The current top leaderboard entry is 20.33%
from Amazon Q Developer Agent.
The best result reported elsewhere online seems to be
[22.3% from AutoCodeRover](https://github.com/nus-apr/auto-code-rover).
Aider achieved this result mainly through its focus on static code analysis,
reliable LLM code editing
and pragmatic workflows for interactive pair programming with AI.
Aider intentionally has quite limited and narrow "agentic behavior":
it doesn't require a highly detailed upfront "spec" from the user,
use RAG or vector search, farm out sub-problems to an army of LLMs,
allow the LLM to use tools
or perform web searches,
etc.
Aider is first and foremost a tool for engineers to get real work done in
real code bases through a pair programming chat style interface.
In normal use, the user is in full interactive control.
This lets them quickly steer misunderstandings back on course and
avoid wasted time, code reviews and token costs.
When a user asks aider for a change, they see the edits performed in real-time.
Aider may also then offer additional
help like fixing lint or test errors.
For the benchmark,
aider was launched in each problem's git repository
with the problem statement
submitted as the opening chat message from "the user".
After that aider runs as normal, with the following modifications:
- Aider's suggestions were always accepted.
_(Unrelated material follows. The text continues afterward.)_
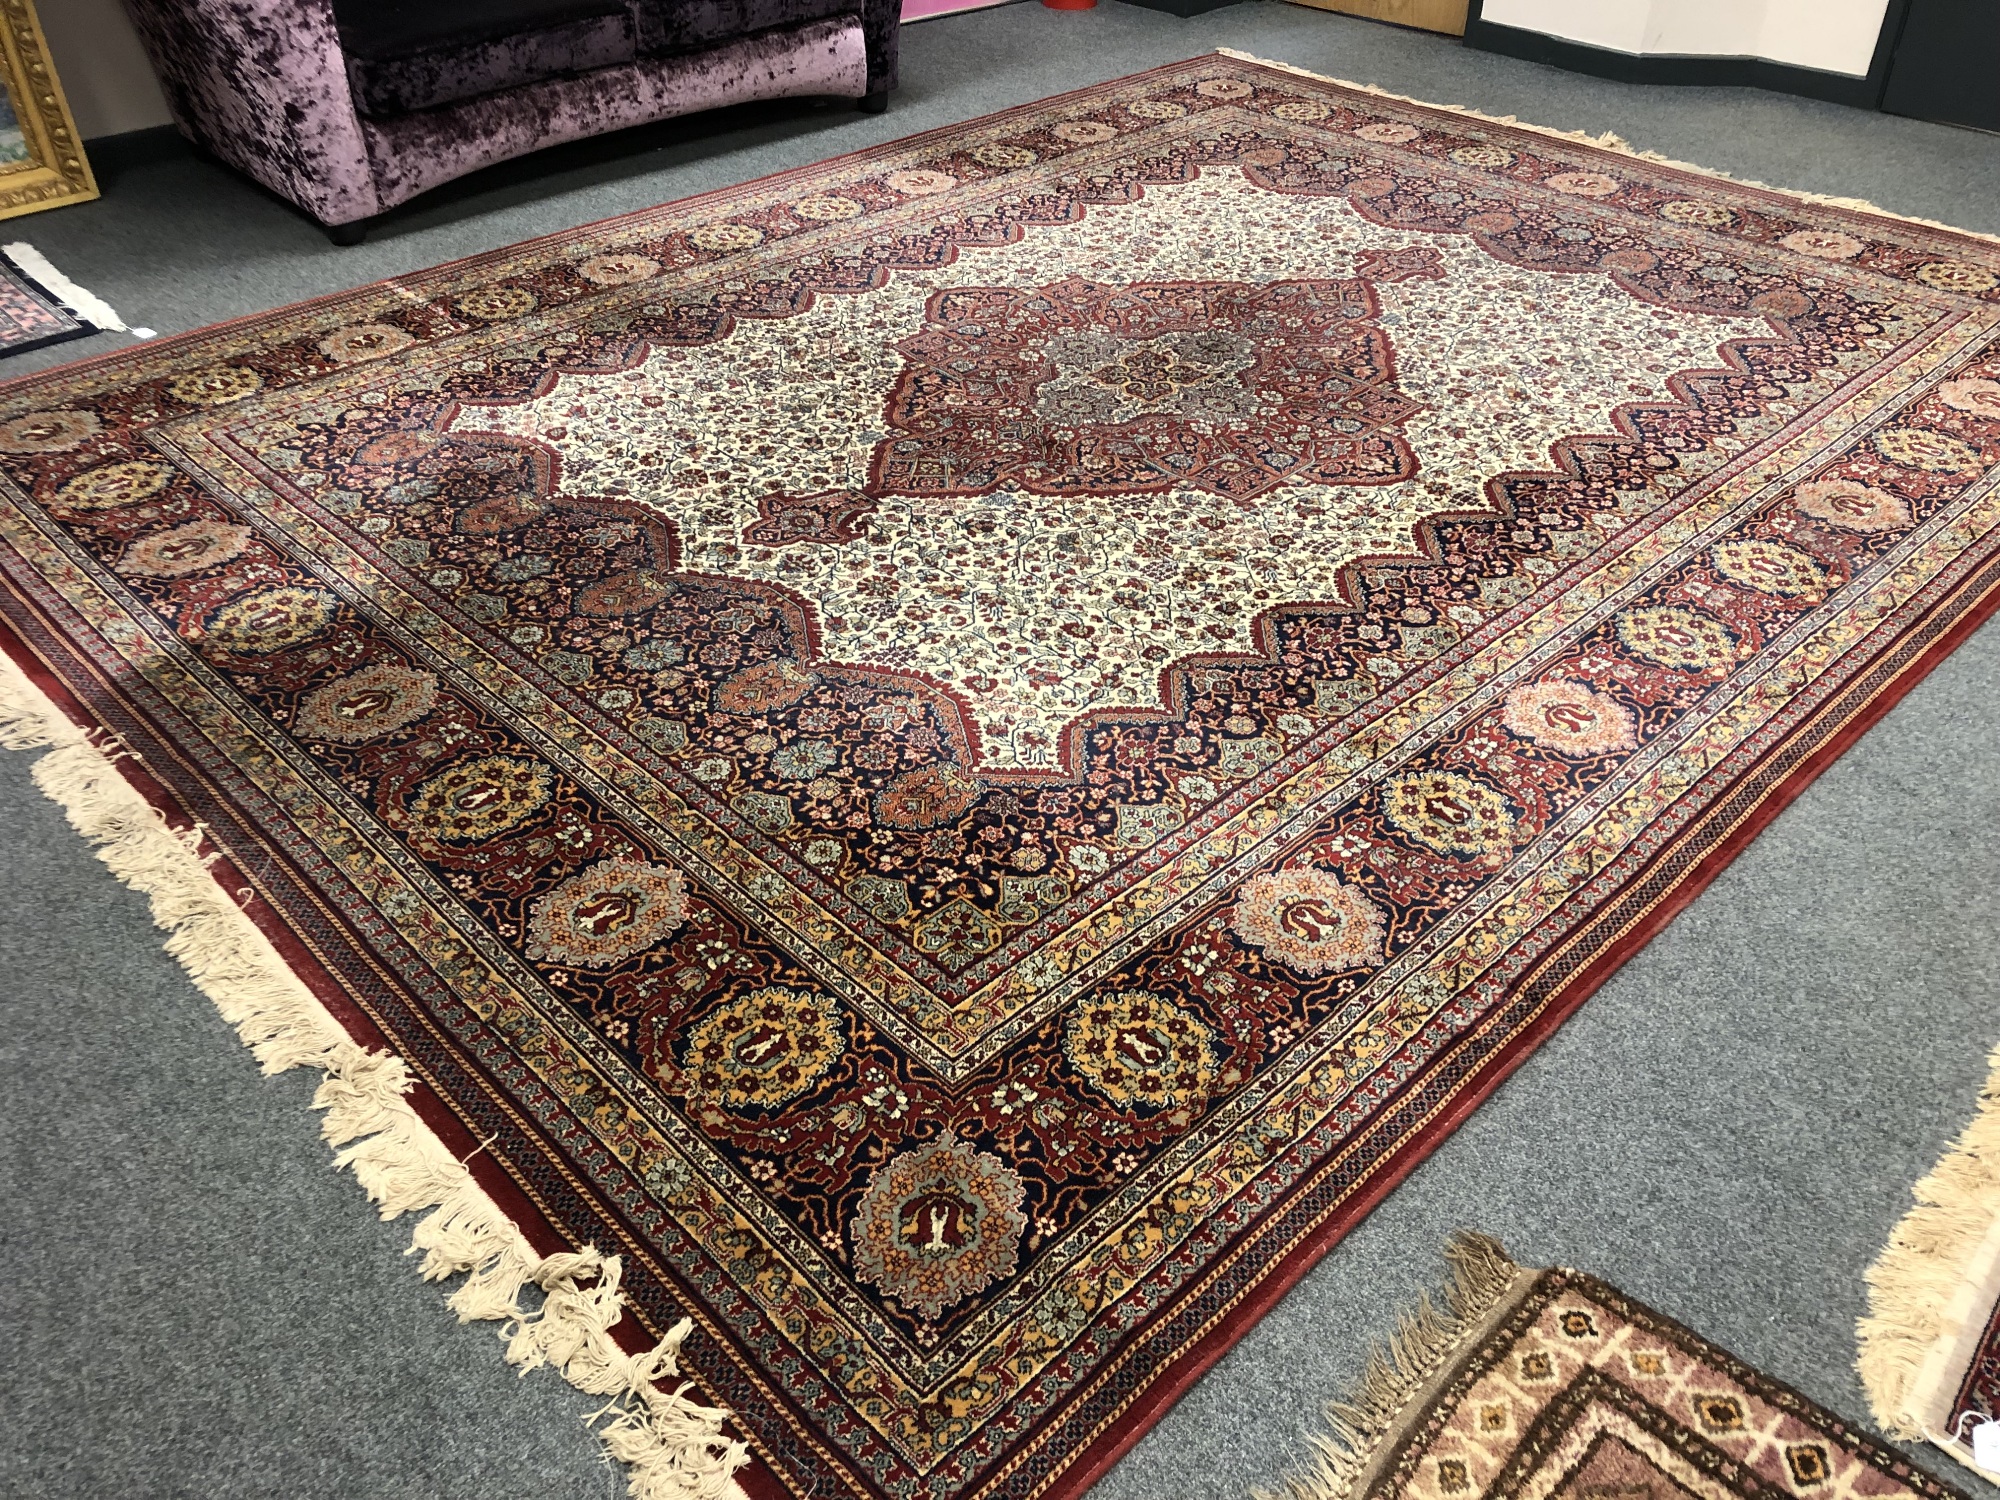 A machine-made Tabriz design carpet, - Image 2 of 3

When chatting, aider will suggest which files in the repo may need to be edited based on
the conversation.
It will offer to lint code that has been edited,
and to fix any issues uncovered.
Aider has workflows to run the repo's test suite and resolve failing tests.
Normally the user is asked to approved such suggestions, but
they were always accepted during the benchmark.
- A simple harness was used to retry the SWE Bench problem if aider produced code which wasn't *plausibly correct*.
Plausible means that aider successfully edited the repo without breaking anything.
As mentioned, aider has integrated support for linting and testing,
so the harness just looks at aider's completion status to see if those
operations finished clean.
Note that *aider only had access to the pre-existing tests in the repo*,
not the held out "acceptance tests" that are used later to see if the
SWE Bench problem was correctly resolved.
- If the solution isn't plausible, the harness launches aider to try again from scratch.
The harness alternates between running aider with GPT-4o and Opus up to three times each,
until it finds a plausible solution.
- If no plausible solution is found, the harness picks the solution
with the least amount of edit/lint/test problems.
This is all roughly equivalent to a user:
- Launching aider in their repo with the something like command below, which
tells aider to say yes to every suggestion and use pytest to run tests.
- `aider --yes --test-cmd pytest`
- Pasting the text of a GitHub issue into the chat, or adding it via URL with a command in the chat like:
- `/web https://github.com/django/django/issues/XXX`
- If aider doesn't produce code that lints and tests clean, the user might decide to revert the changes and try again. Maybe with a different LLM this time.
[Aider is tightly integrated with git](https://aider.chat/docs/faq.html#how-does-aider-use-git),
so it's always easy to undo/revert AI changes that don't pan out.
Of course, outside a benchmark setting it's probably
unwise to let *any* AI agent run unsupervised on your code base.
Aider is intended to be used as an interactive pair-programming chat,
where the user participates to direct aider's work and approve suggestions.
This way the user can offer immediate feedback or corrections if their initial
instructions turn out to be ambiguous,
or if the AI starts going down a wrong path.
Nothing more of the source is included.